The Monetary Policy Committee (MPC)
of the Reserve Bank of India (RBI) today cut repo rate, or its key lending
rate, by 25 basis points to 6 per cent - the lowest since November 2010.
Falling inflation allowed the central
bank to focus on boosting the economy which grew at the slowest pace in over
two years in the January-March quarter. Banks could lower lending rates
further, making loans cheaper.
RBI
chief Urjit Patel, addressing the media, said banks
have scope for lowering lending rates further in some segments where
transmission of lower rates.
The decision of the MPC was consistent with a neutral
stance of monetary policy in consonance with the objective of achieving the
medium-term inflation target of 4% within a band of +/- 2%, while supporting
growth.
Policy Rates :
Repo Rate and Reverse Repo RateRepo rate is the rate at which RBI lends to its clients generally against government securities. Reduction in Repo rate helps the commercial banks to get money at a cheaper rate and increase in Repo rate discourages the commercial banks to get money as the rate increases and becomes expensive. It was reduced by 25 basis points to 6%. The rate cut comes after a slump in food prices in consumer inflation to a record low of 1.54%.

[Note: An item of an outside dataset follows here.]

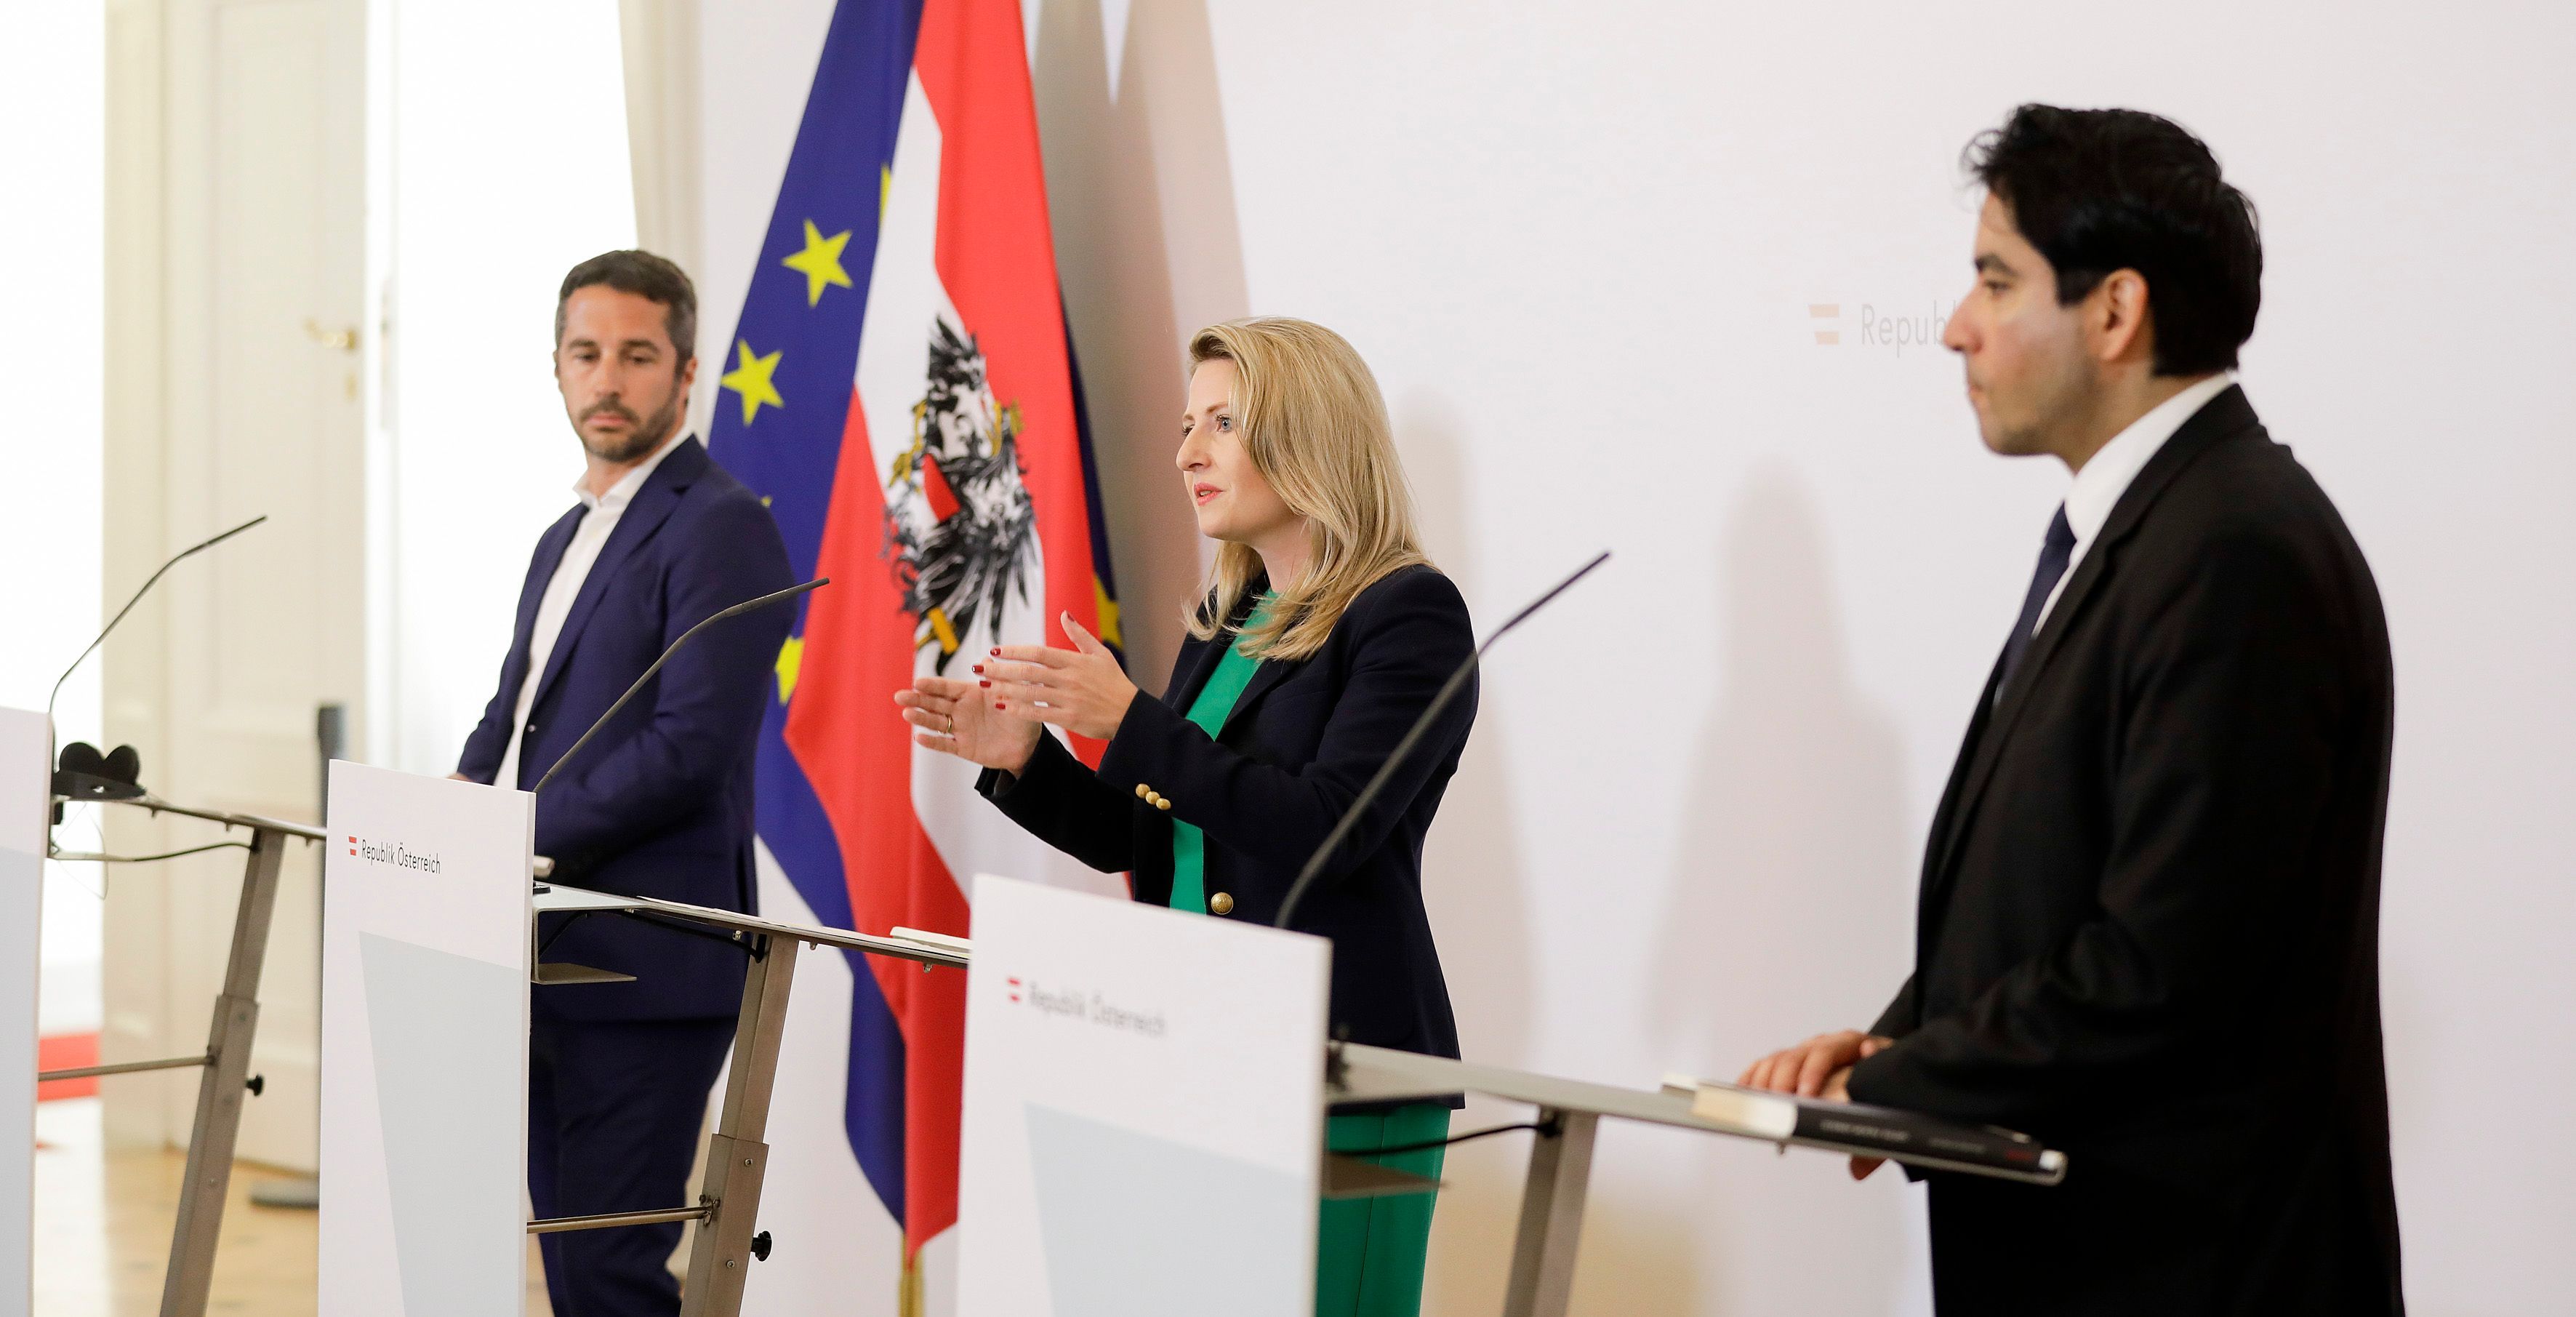 Lorenzo Vidino, Susanne Raab,  Mouhanad Khorchide stehen vor Rednerpulten, im Hintergrund sind die österreichische und die europäische Flagge zu sehen
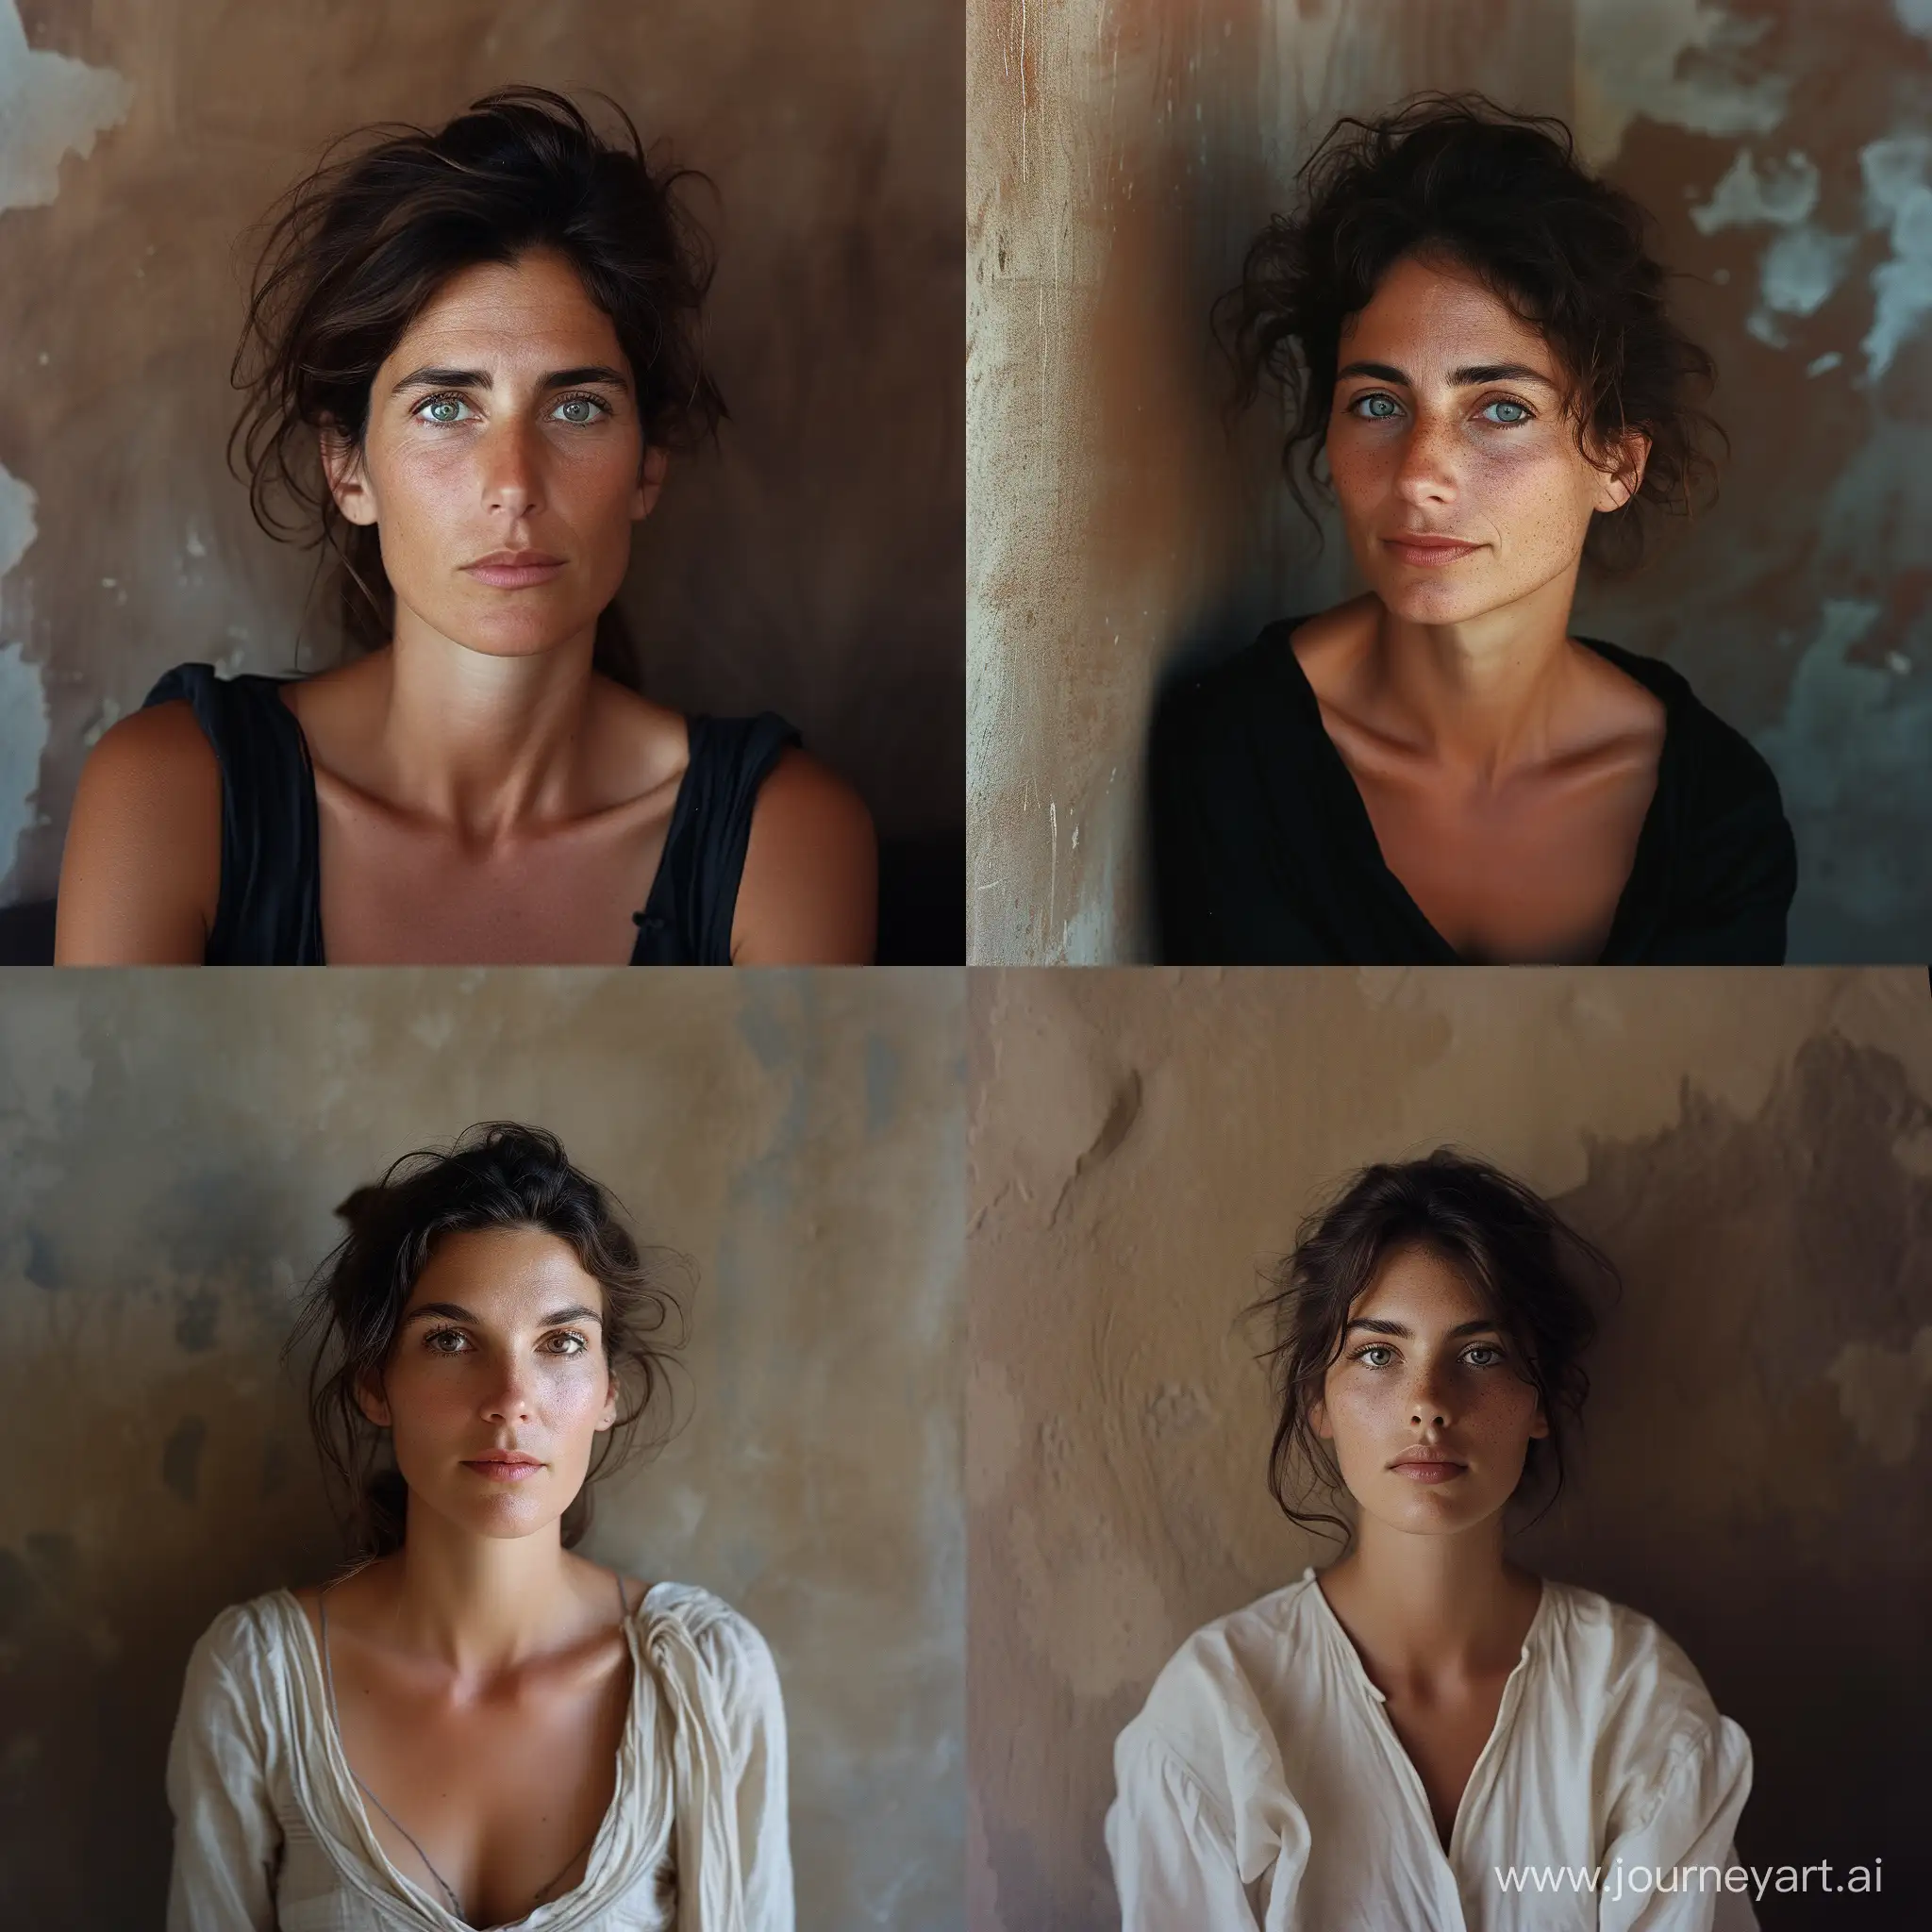 Tranquil-Italian-Woman-40YearOld-Portrait-in-Warm-Summer-Light

Reverse Repo rate is the rate at which RBI borrows money from the commercial banks. It was reduced by 25 bps to 5.75%.
Cash Reserve Ratio
Cash Reserve Ratio is a certain percentage of bank deposits which banks are required to keep with RBI in the form of reserves or balances. the CRR is 4.00 percent ,it was unchanged at 4%. The RBI uses the CRR to drain out excessive money from the system.
Statutory Liquidity Ratio
Every financial institution has to maintain a certain quantity of liquid assets with themselves at any point of time of their total time and demand liabilities. These assets have to be kept in non cash form such as G-secs precious metals, approved securities like bonds etc.
This will be reduced to 20% with effect from 24th June 2017 in line with the changes in RBI Credit Policy, means it was unhanged 20%
Monetary Policy Committee(MPC)
Monetary policy is the process by which monetary authority of a country , generally central bank controls the supply of money in the economy by its control over interest rates in order to maintain price stability and achieve high economic growth. In India, the central monetary authority is the Reserve Bank of India (RBI). It is so designed as to maintain the price stability in the economy.
The Monetary Policy Committee is entrusted with the task of fixing the benchmark policy rate (repo rate) required to contain inflation within the specified target level. As per the provisions of the RBI Act, out of the 6 Members of Monetary Policy Committee, 3 Members will be from the RBI and the other 3 Members of MPC will be appointed by the Central Government.